The linter itself is open source at github.com/clusteryieldanalytics/cylint. A full discussion of all of these anti-patterns is enough for a follow-up blog post on its own, so I'll defer that for now and instead focus on what I found, and how it relates to the questions I asked earlier. If you're interested, you can find the analysis reference for all the static rules I used at clusteryield.app/analysis-reference. And if you're curious about how your own codebase hygiene stacks up, I encourage you to pip install cylint && cy lint src/. Let me know what you find! PRs are always welcome.

Anyway, here's how the corpus looks overall:

	Tier 1 — Learning	Tier 2 — Personal	Tier 3 — Serious	Tier 4 — Prod-adj
Repos	1,882	2,574	473	96
PySpark files	24,563	42,198	19,457	1,873
Findings/file	1.44	1.47	0.61	0.33

Okay, so more experienced engineers definitely write cleaner code overall. Hooray! Tell me something I don't know, right? Well, it gets a bit more interesting when I break it down by finding. The data splits into two categories: patterns that decline with maturity, and patterns that persist (or concentrate) in production code.

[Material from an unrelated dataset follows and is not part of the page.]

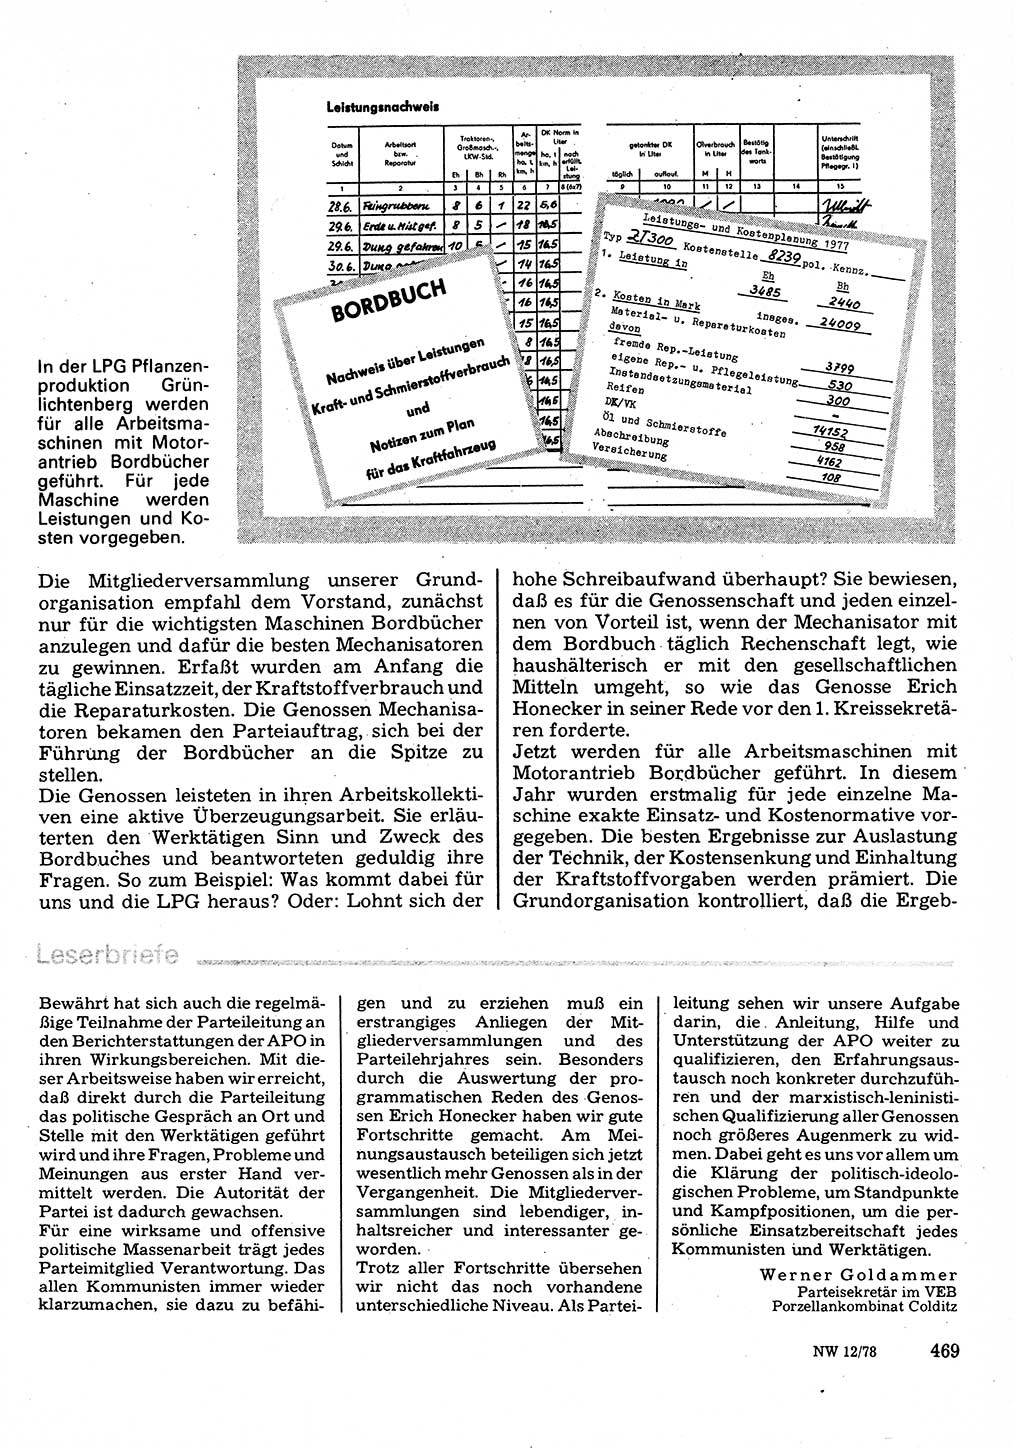 Neuer Weg (NW), Organ des Zentralkomitees (ZK) der SED (Sozialistische Einheitspartei Deutschlands) für Fragen des Parteilebens, 33. Jahrgang [Deutsche Demokratische Republik (DDR)] 1978, Seite 469 (NW ZK SED DDR 1978, S. 469)

Rule	Description	T1	T4	Ratio
CY018	schema inference (.read without .schema)	45.6%	17.7%	0.39
CY031	iterating over .collect()	12.1%	4.2%	0.35
CY012	.show() left in	38.0%	11.5%	0.30
CY015	non-equi join	2.8%	1.0%	0.36
CY010	join without explicit how	12.4%	5.2%	0.42
CY005	single-use .cache()	2.1%	1.0%	0.48
CY001	.collect() unfiltered	14.5%	7.3%	0.50
CY013	.coalesce(1)	9.7%	5.2%	0.54
CY006	.toPandas() unfiltered	10.6%	6.2%	0.58
CY009	UDF in .filter()	1.6%	1.0%	0.62

These are the antipatterns that experienced engineers are good at avoiding. I won't spend much time going deep into this data… Most of these antipatterns are obvious and easy to avoid. A full deep-dive into each of them will be covered in a future blog post. But what's much more immediately interesting is what I noticed about the rest of the findings. I certainly didn't expect certain antipatterns to concentrate in production-quality code:

Rule	Description	T1	T4	Ratio	Trend
CY007	cross join	5.3%	9.4%	1.77	▲ more prevalent
CY008	.repartition() before write	3.6%	6.2%	1.72	▲ more prevalent
CY003	.withColumn() in loop	17.1%	28.1%	1.64	▲ more prevalent
CY011	.withColumnRenamed() loop	2.9%	4.2%	1.45	▲ more prevalent
CY025	.cache() without .unpersist	19.3%	24.0%	1.24	▲ more prevalent
CY017	window without .partitionBy	7.1%	8.3%	1.17	▲ more prevalent
CY002	UDF w/ builtin exists	4.9%	4.2%	0.86	— flat
CY020	.count() for emptiness check	3.8%	3.1%	0.82	— flat
CY014	repeated actions w/o cache	28.4%	20.8%	0.73	— flat
CY004	SELECT *	11.9%	8.3%	0.70	— flat

Interesting! Six patterns are more prevalent in production code than in hobby code. After seeing this my first instinct was to assume I had false positives, so I made extra sure that the linter rules were correct (and this data in fact took several tries to get right). And so the question becomes, what does this data tell us?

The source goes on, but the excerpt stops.